We believe that researchers too often neglect to think carefully about important steps in the scientific process of designing studies that compare AI tools with the alternatives such as a human reader or current automated algorithms or a combination of both. These issues are particularly prominent as most of these studies use observational patient care data extracted from existing electronic medical records. For instance, studies using existing medical imaging data have implicit selection bias baked in because patients must have certain risk factors and symptoms for their physician to order an imaging test and for the insurance to pay for it. Thus, these data sets often have an overrepresentation of patients who are at increased risk of cancer. Training on these biased data may impact a model’s predictions in a population that is not representative. Similarly, since comparison of AI tools are rarely randomized between two arms, confounding bias may also impede valid comparison.
Aims

We aim to conduct a systematic review of the design and evaluation metrics used in these studies to identify shortcomings and opportunities for improvement. Based on these findings, we will:
a. Summarize the existing literature in terms of common practices, study designs and methods for inference when comparing new AI prediction tools with standard of care. We will particularly focus on handling selection and confounding bias.

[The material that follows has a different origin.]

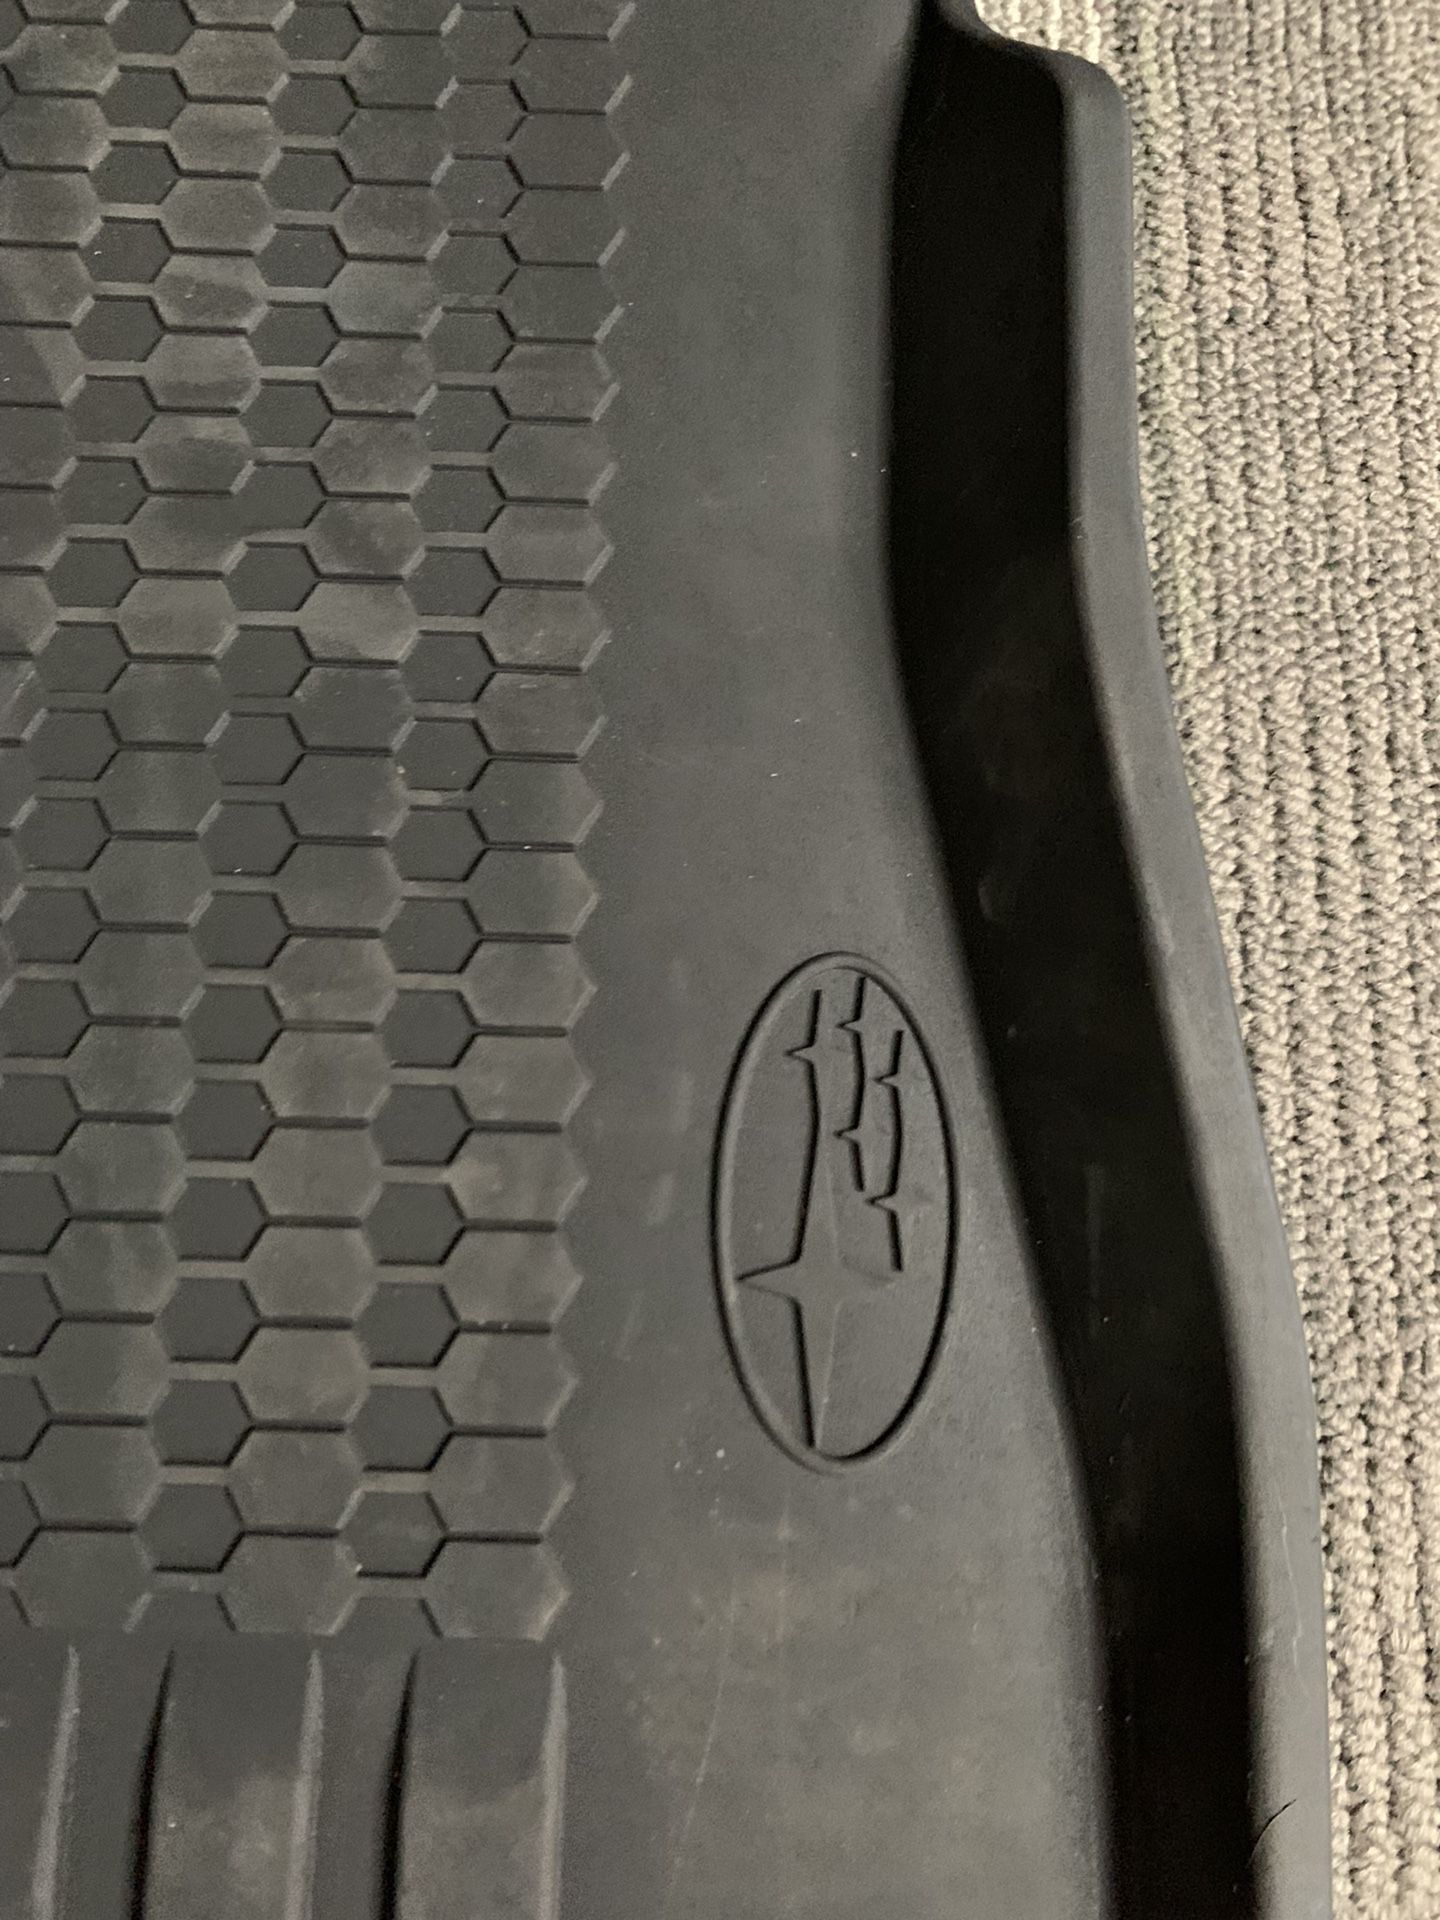 OEM Subaru Crosstrek Rubber Floor mats

b. We will then consider a data set on thoracic cancer from the National Lung Screening Trial that was used to train Sybil (Mikhael et al., 2023) to evaluate how different methodological approaches influence prediction outcomes. The methodologies will differ in terms of both design and analytic choices.
c. Time permitting, we will look at the problem of predicting esophageal adenocarcinoma using the Yale New Haven health system database using the best practices that we learn from (a) and (b).